The State argues on appeal that the payments to Spencer for Wooten’s benefit should not
be considered political contributions because the evidence demonstrates that appellant
“deliberately engaged in several deceptive practices to prevent the funds from being traced to
him.” We must confine our analysis, however, to the definitions found in the election code. And
under the definition of “political contribution” in the election code, no exception is made for
covert indirect transfers of money.
Additionally, under the applicable definitions in the election code, the money did not
need to be transferred directly to Wooten’s campaign account, nor did it need to be properly
reported in Wooten’s campaign filings, in order for it to constitute a political contribution.
Instead, if Stacy Cary transferred money to Spencer with the intent that it be used in connection
with Wooten’s campaign, then, by definition, the money is a political contribution.

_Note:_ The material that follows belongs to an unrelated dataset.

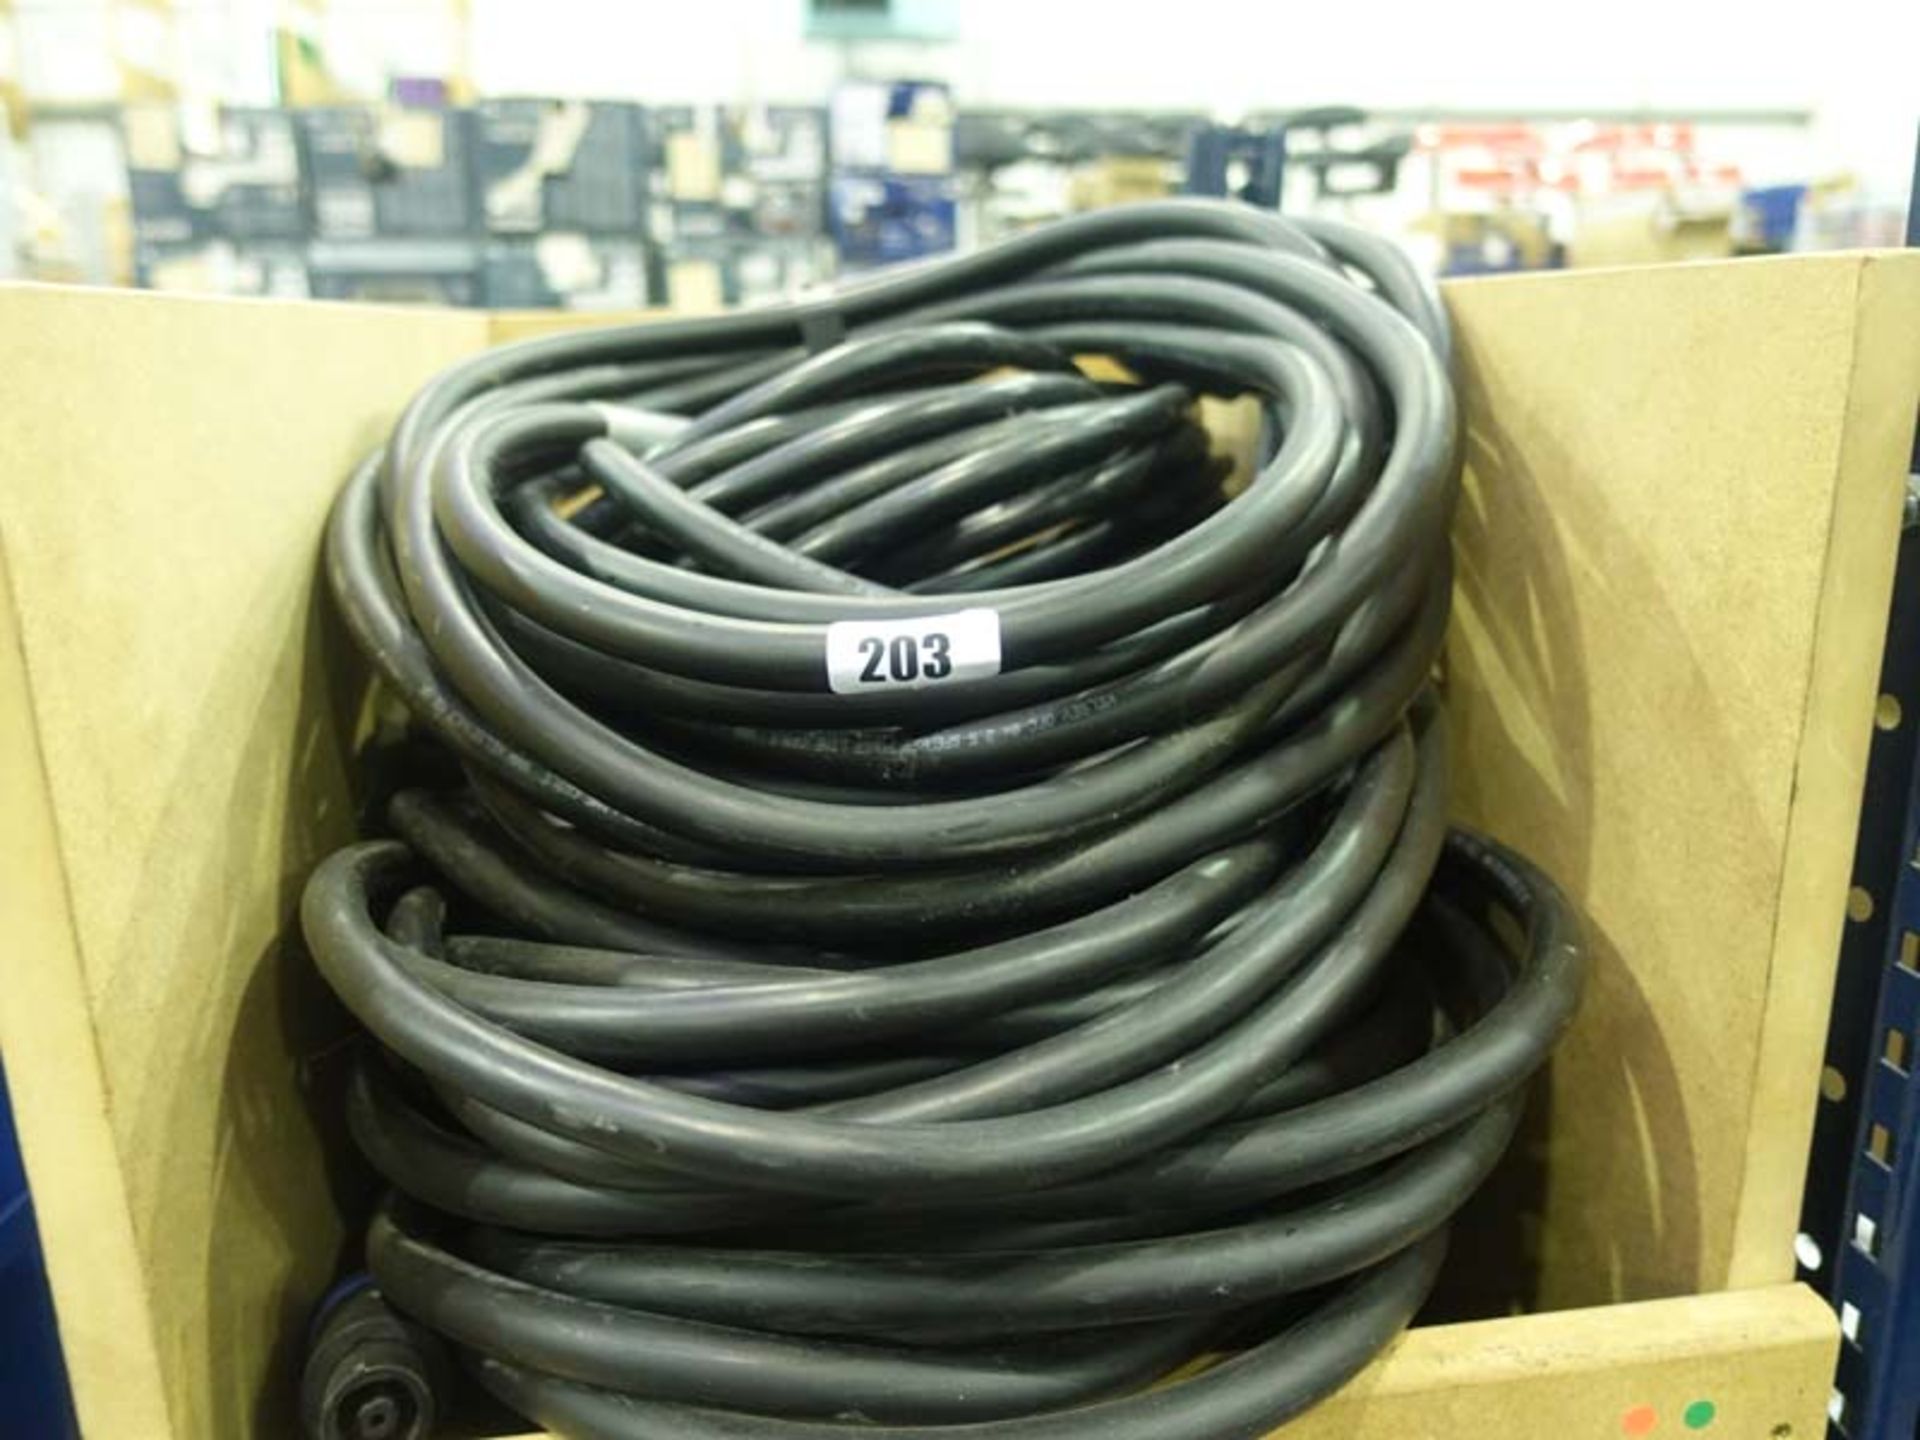 NL8 Speaker cables and power cables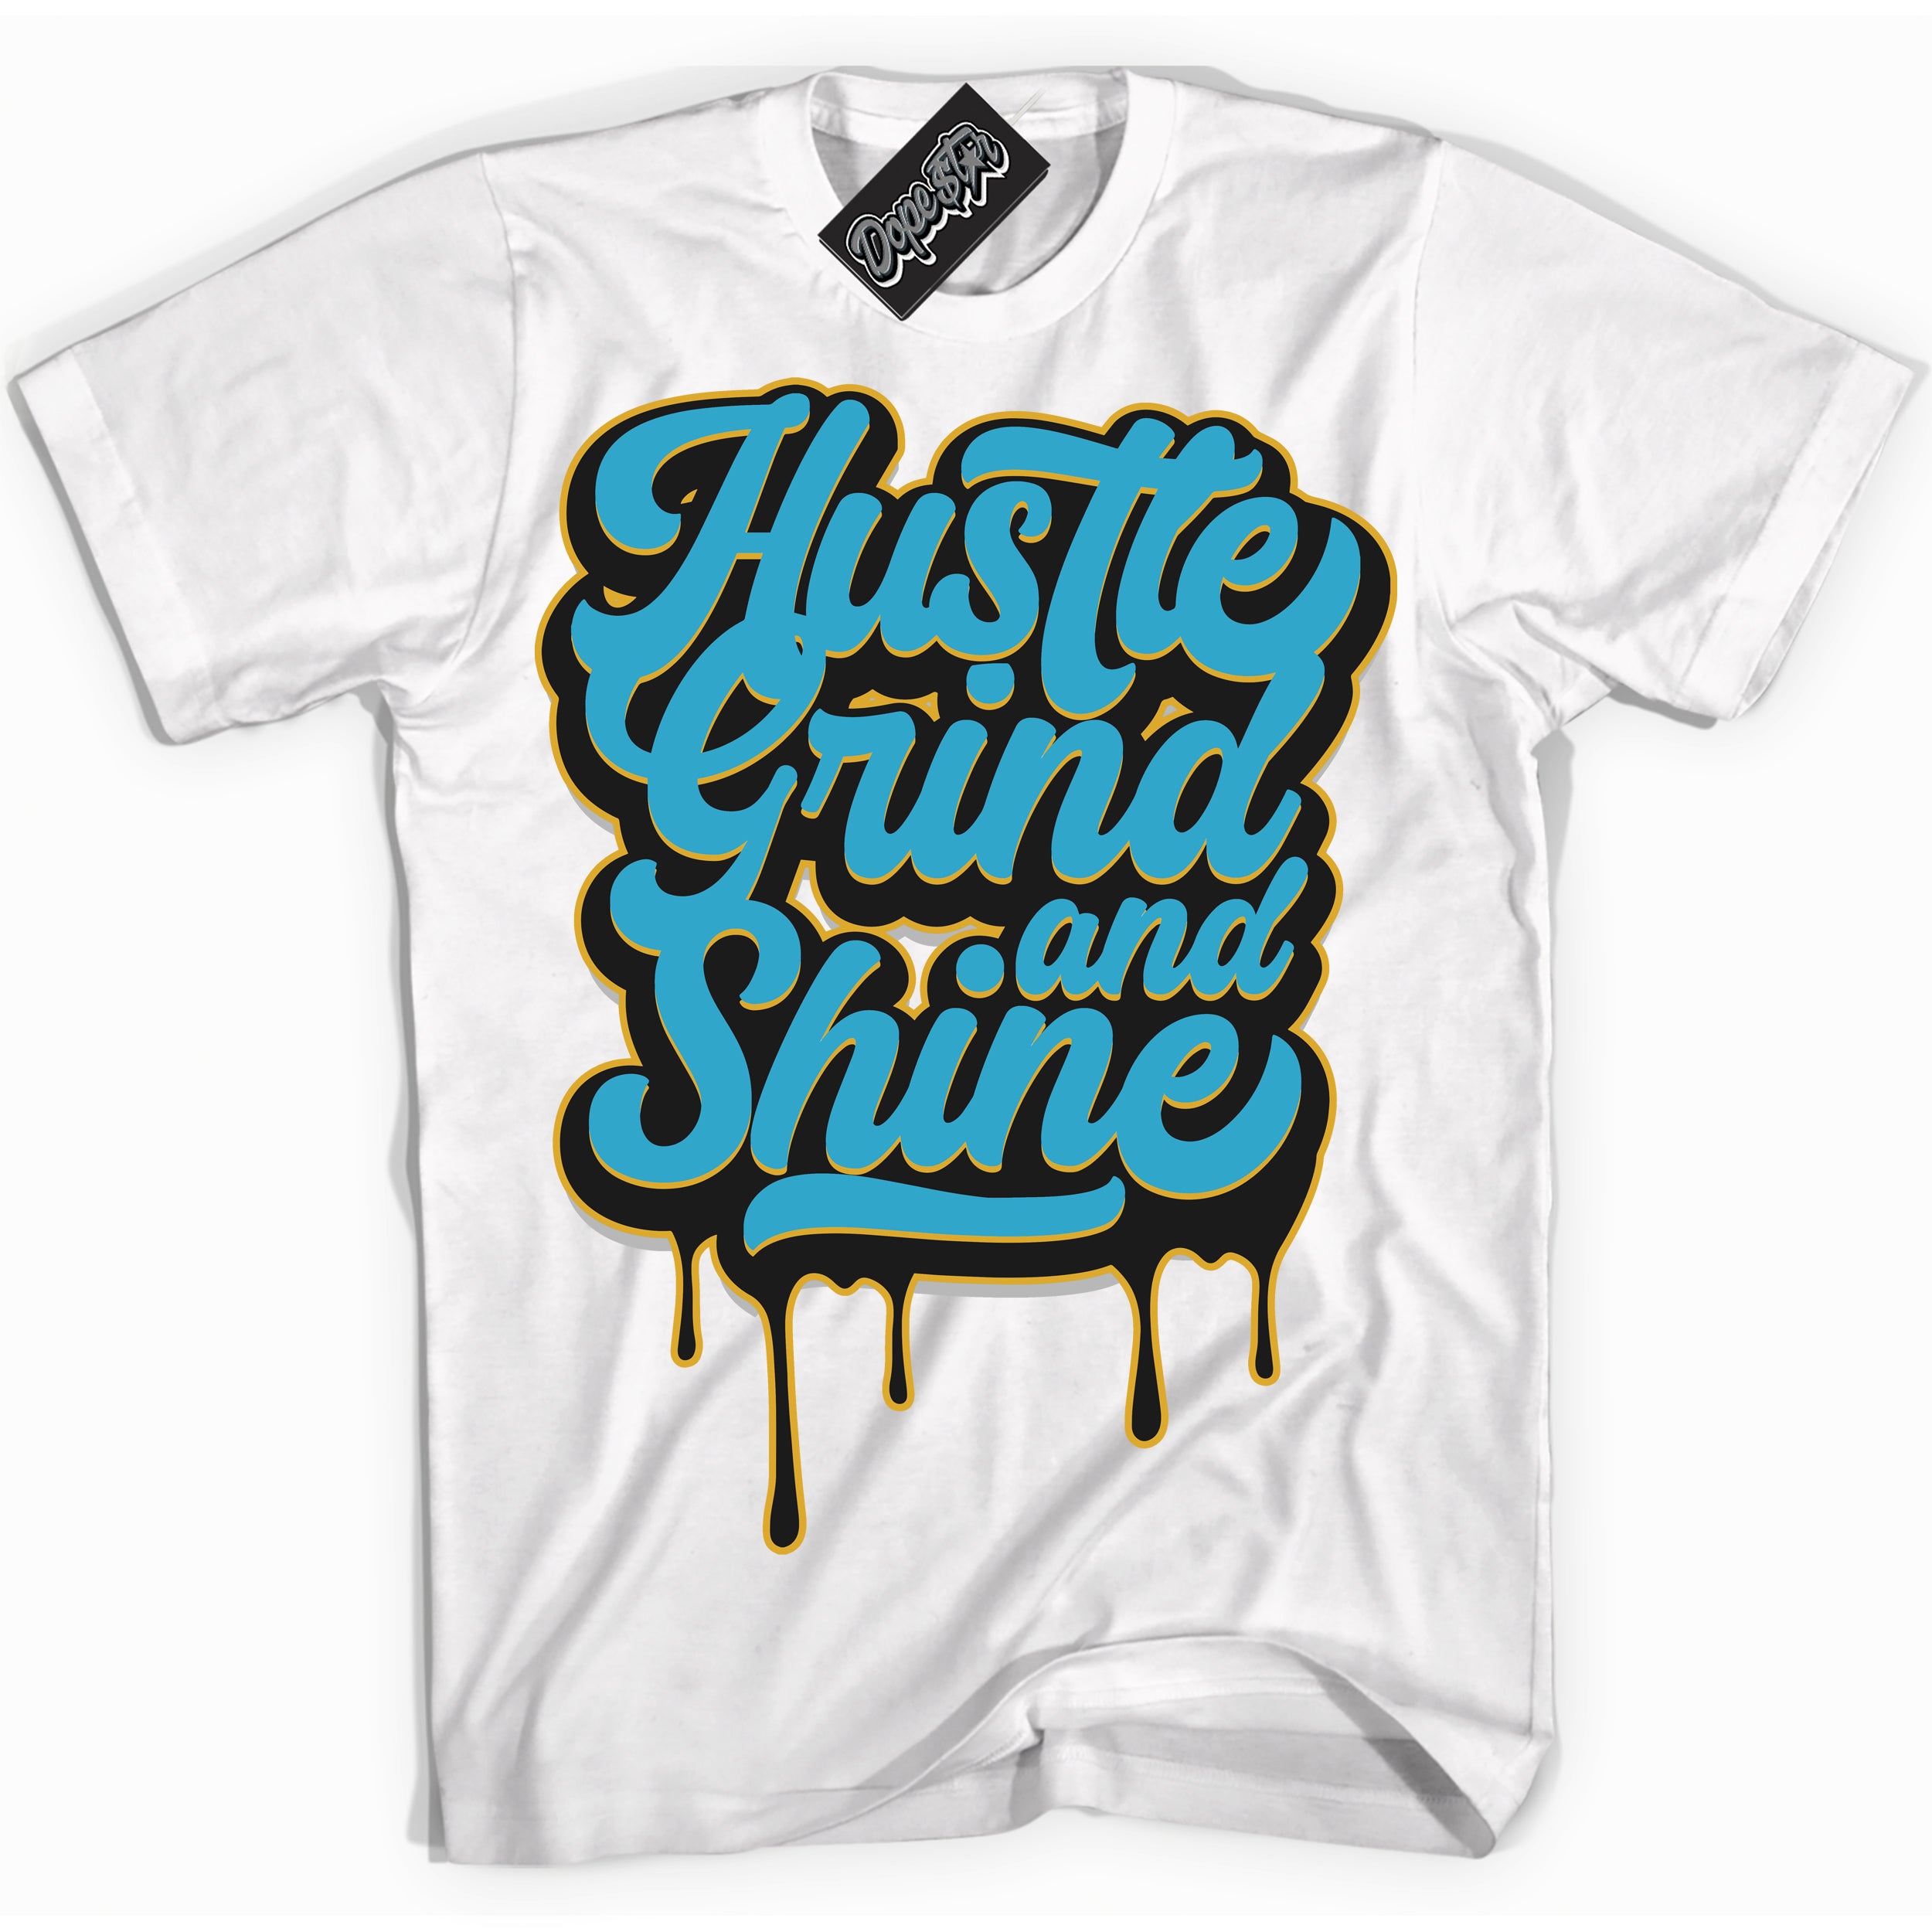 Cool White Shirt with “ Hustle Grind And Shine” design that perfectly matches Aqua 5s Sneakers.

The State also argues that a conclusion that the benefits to Wooten were political
contributions would lead to an absurd result because it would mean that anyone could covertly
and indirectly fund a judge’s campaign in exchange for the candidate’s agreement to rule in his
favor, as long as there is no evidence of an express agreement. We disagree. We are not
sanctioning the conduct in this case, nor are we concluding that it was lawful. Instead, we
conclude that the State did not satisfy its burden under the specific language in section 36.02 of
the penal code and Title 15 of the election code. See TEX. PENAL CODE ANN. § 36.02; TEX.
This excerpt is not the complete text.